Is it worth noting that when moving from 3473 to include these extensions, it may be
necessary to increase the recovery period as there is more processing to be done?

2.4.3
Is it the case that we may receive a Path message with Recovery_Label from upstream and
not match state. If so, we wait to receive a RecoveryPath message. If we do not receive
one in the Recovery Period, we treat the Path message as if we were processing according
to RFC3473.
BUT, if we are processing according to RFC3473 and we have not responded to a Path message
received with Recovery_Label in the Recovery Period, isn't the LSP abandoned?
In other words, we will not send Resv for such an LSP until after the end of the Recovery
Period.
This is worse in section 2.5 if the downstream node does not support these extensions,
when we will send no Resv for any recovered LSPs until after the Recovery Period.

Would like to be able to globally de-select recovery path messages (if I have retained
full state).
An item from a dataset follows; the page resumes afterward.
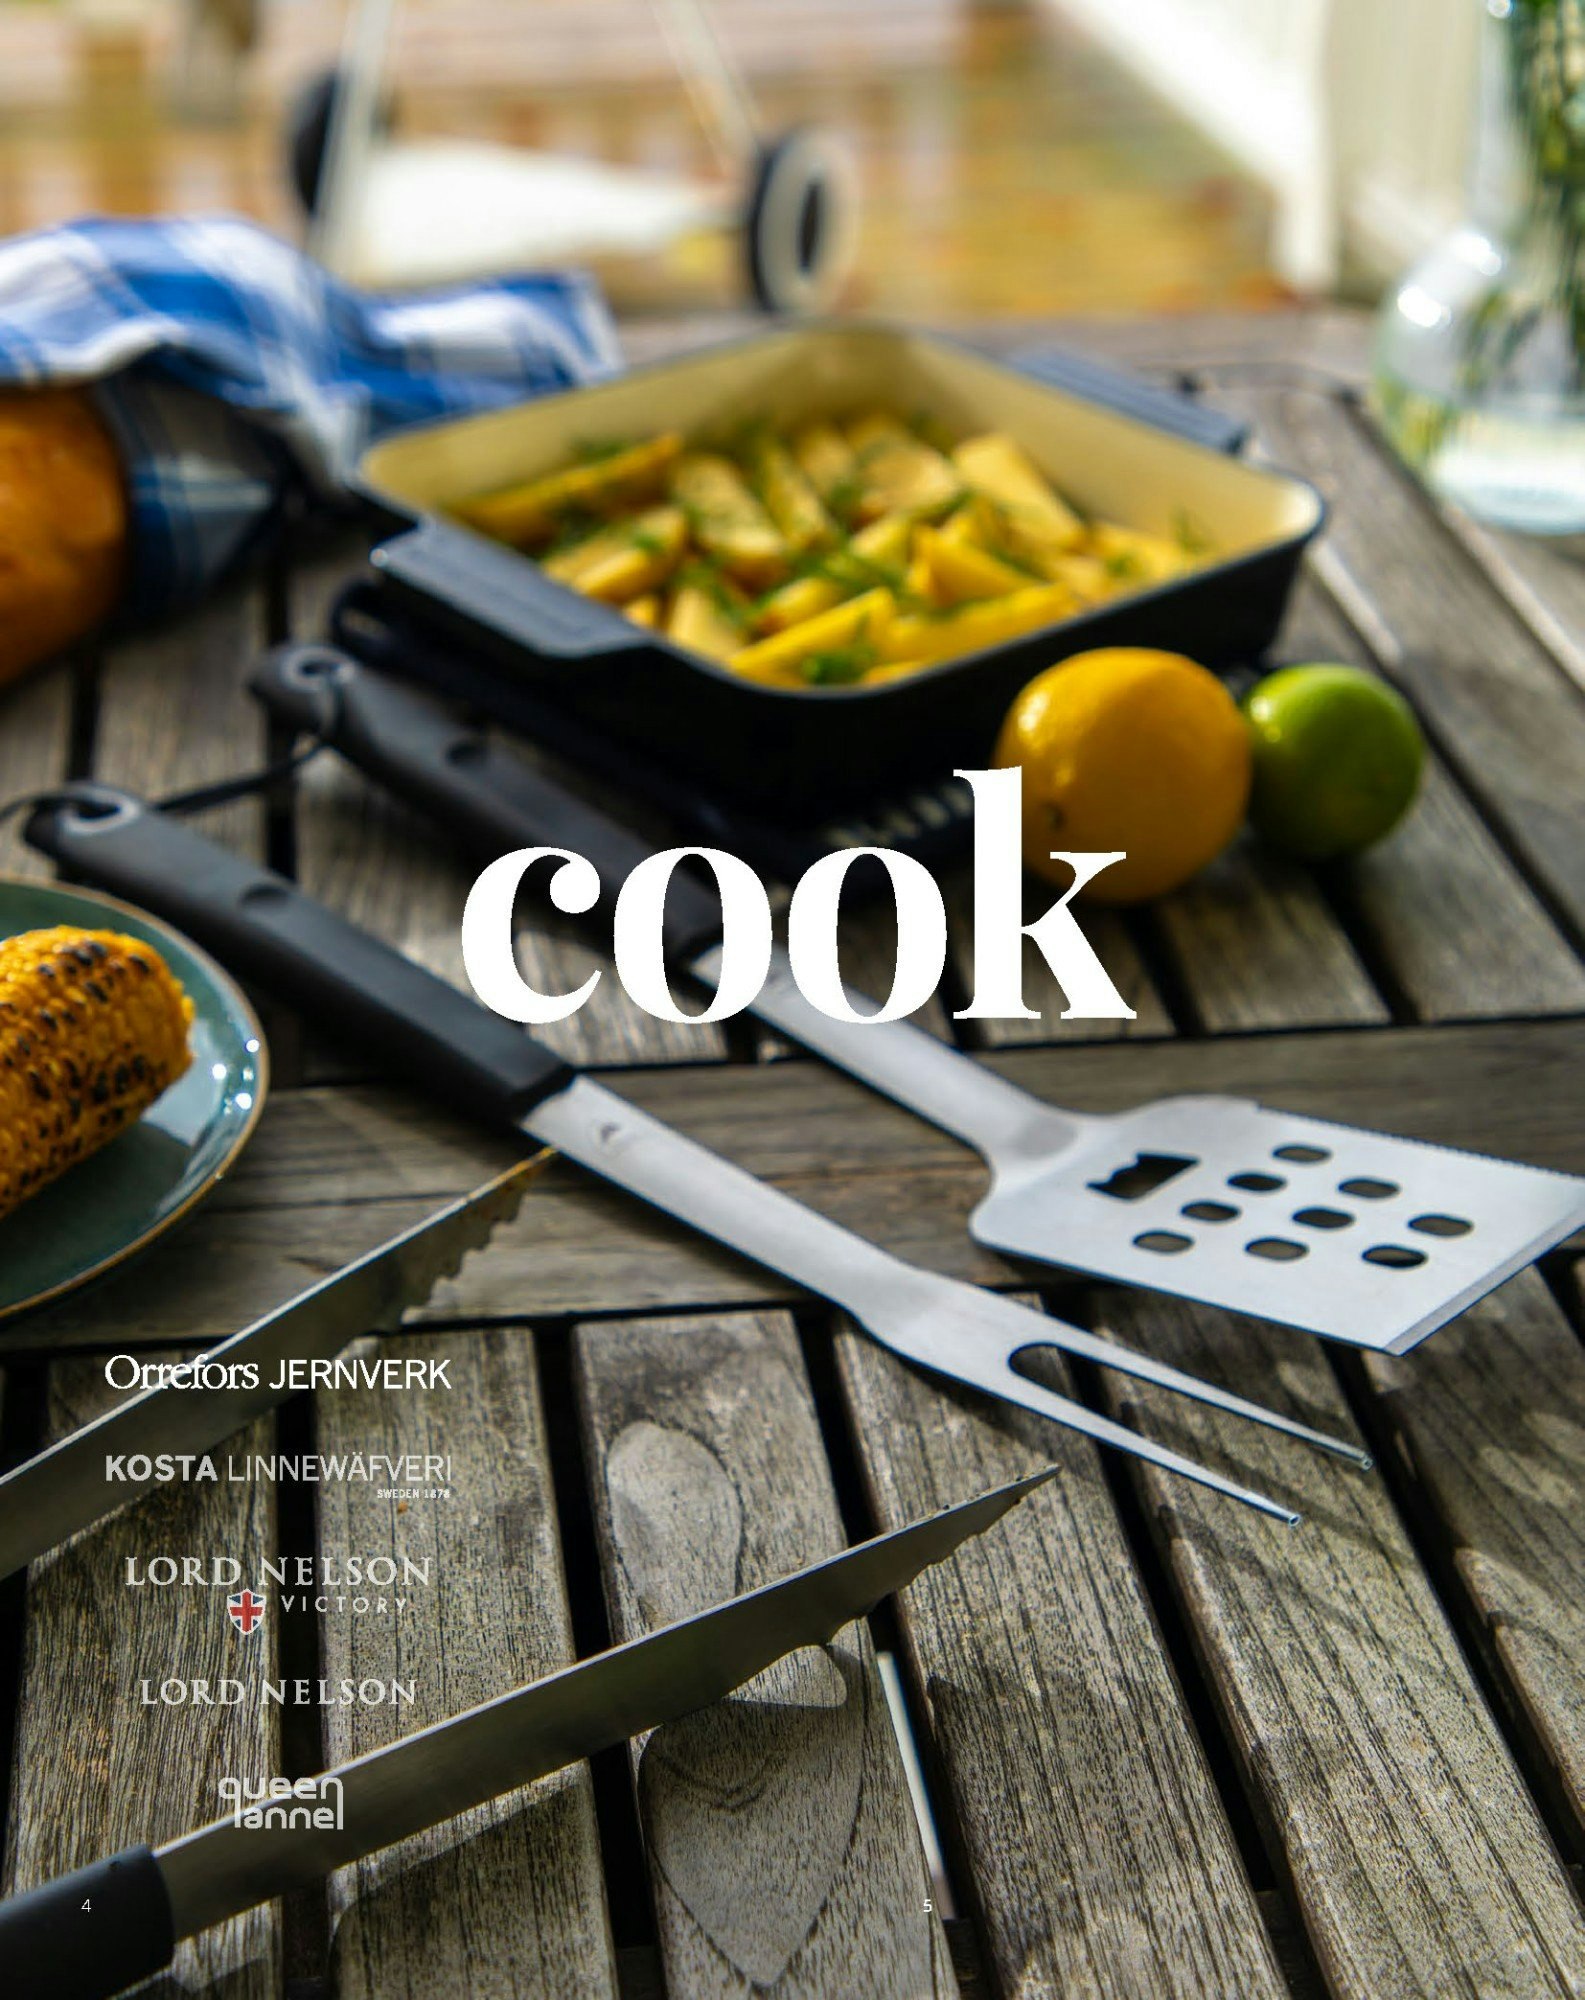 Cook - Grytor & stekpannor, ugnsformar, knivar & skärbrädor, köksredskap, kökslinne, dryckeskylare - Lindströms Reklam och Profil

Ideally this would be the default position so that RecoveryPath messages are
not sent to a legacy node. I think Hello Capabilities should be used to select the
willingness to receive RecoveryPath. (This would also ease the previous issue).

Section 3
I think you have one more message exchange than you need.
Imagine you have just one LSP.
In the normal case you have just one message sent (RecoverySrefresh).
In the non-recovered case you have three messages (RecoverySrefreh, Ack[Nack],
RecoveryPath).
*However* if the RecoverySrefresh was sent by the restarting node you would still have one
message on the main case, and could drop to two messages in the non-recovered case
(RecoverySrefresh, RecoveryPath).
This would also make the RecoverySrefresh identical to the Srefresh,
Further, since we know that this is used when only some of the state has been retained, it
cuts down on the size of the RecoverySrefresh.

Section 3
There is a slight issue with the Nack. We need to distinguish a Nack to an Srefresh (uses
Message ID from a previous Resv) and a Nack to a RecoverySrefresh (uses Message ID from a
previous Path). This is admittedly only a rare problem, but might occur with clashes of
epoch and Message ID. This may be what you are trying to resolve using the new bit in the
various Message ID objects (see below) but the reasoning is not clear from the text.
Hint: if you use my proposal immediately above, this issue goes away and the new flag
simplifies as below...

3.1. MESSAGE_ID ACK/NACK and MESSAGE_ID LIST Objects
The trouble with defining an additional bit like this is we have to define the meaning of
the bit on *any* Message_ID.
Since (presumably) ordinary Srefresh messages may (might?) be interspersed with
RecoverySrefresh why don't we have a way of distinguishing the messages rather than the
contents of the object?
Actually, I would argue that it is only the List Object that needs to be distinguished
(with the caveat of the previous point).

3.2. Capability Object
One of the lessons of the Restart_Cap Object is that we should be careful with the
specification of capabilities objects.
So, I am concerned that your new object is defined as a fixed length object with space for
another 31 bits of information.
How about TLVs?

3.2.2. Compatibility
You missed forwards compatibility. That is: reserved bits MUST be set to zero on
transmission and MUST be ignored on receipt.

Nits
===

Need to expand citations in the Abstract.

The Abstract could probably be usefully made shorter.

Section 3, second para. I don't think we need the description of Srefresh in normal
processing.

Section 9. IANA
Could you beef up this section please.
The ideal is to show the names and characteristics of new messages/objects in this section
so that IANA does not have to ask any further questions.
You might like to reference draft-kompella-zinin-early-allocation-02.txt and
draft-kompella-rsvp-change-02.txt to sort out values to use for pre-RFC work.